Bei den Präsidentschafts- und Parlamentswahlen am Sonntag werden voraussichtlich rund 64 Millionen türkische Bürger ihre Stimme abgeben. Das Kräftemessen zwischen Amtsinhaber Recep Tayyip Erdoğan und Oppositionsführer Kemal Kılıçdaroğlu wird darüber entscheiden, ob sich die Türkei wieder dem Westen zuwendet oder nicht. Zudem werden Dutzende von Parteien um die Kontrolle der 600 Sitze in der Nationalversammlung kämpfen.
Recep Tayyip Erdoğan
Erdoğan ist seit 2014 Präsident und war zuvor elf Jahre lang Ministerpräsident. Er ist ein sozialer Konservativer, der die Türkei von der EU-Integration weggeführt hat, während er im eigenen Land eine gemäßigte islamistische Politik fördert. Nachdem Erdoğan im Jahr 2016 einen Putschversuch einer Fraktion des türkischen Militärs vereitelt hatte, stärkte er im darauffolgenden Jahr mit einem Paket von Verfassungsreformen die Macht des Präsidenten drastisch.
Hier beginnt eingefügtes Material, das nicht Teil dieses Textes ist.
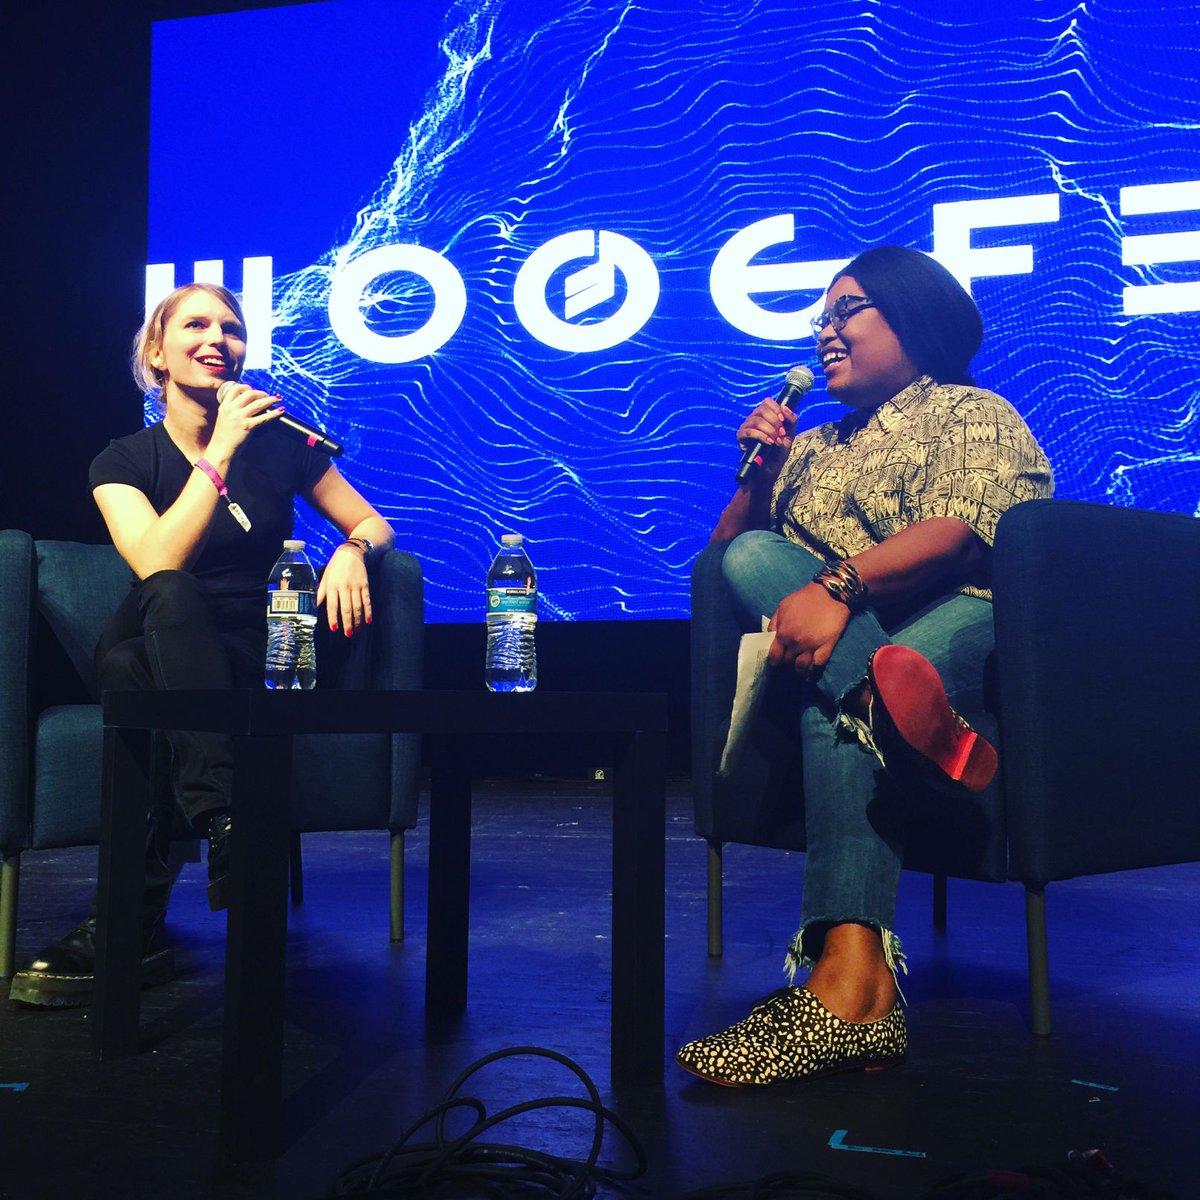 Moogfest 2020

Der 69-Jährige ist Gründer und Vorsitzender der Partei für Gerechtigkeit und Entwicklung (AKP), die derzeit die größte Fraktion im Parlament bildet.
Kılıçdaroğlu, Erdoğans größer Herausforderer, ist ein 74-jähriger ehemaliger Beamter, der die Republikanische Volkspartei (CHP) anführt. Er hat versprochen, die Befugnisse des Präsidenten zu beschneiden und die Türkei zu einem parlamentarischen System mit einem Premierminister an der Spitze zu führen. Gleichzeitig will er die von der EU geforderten Justiz- und Menschenrechtsreformen umsetzen.
Seine Partei CHP ist derzeit die zweitstärkste im Parlament.
Außenseiter-Kandidaten
Zwei weitere Kandidaten bewerben sich um das Präsidentenamt. Sinan Oğan ist ein Akademiker und ein rechter Nationalist, der versprochen hat, syrische Flüchtlinge abzuschieben. Obwohl er früher Mitglied der mit Erdoğan verbündeten Partei der Nationalistischen Bewegung (MHP) war, kandidiert Ogan als Unabhängiger.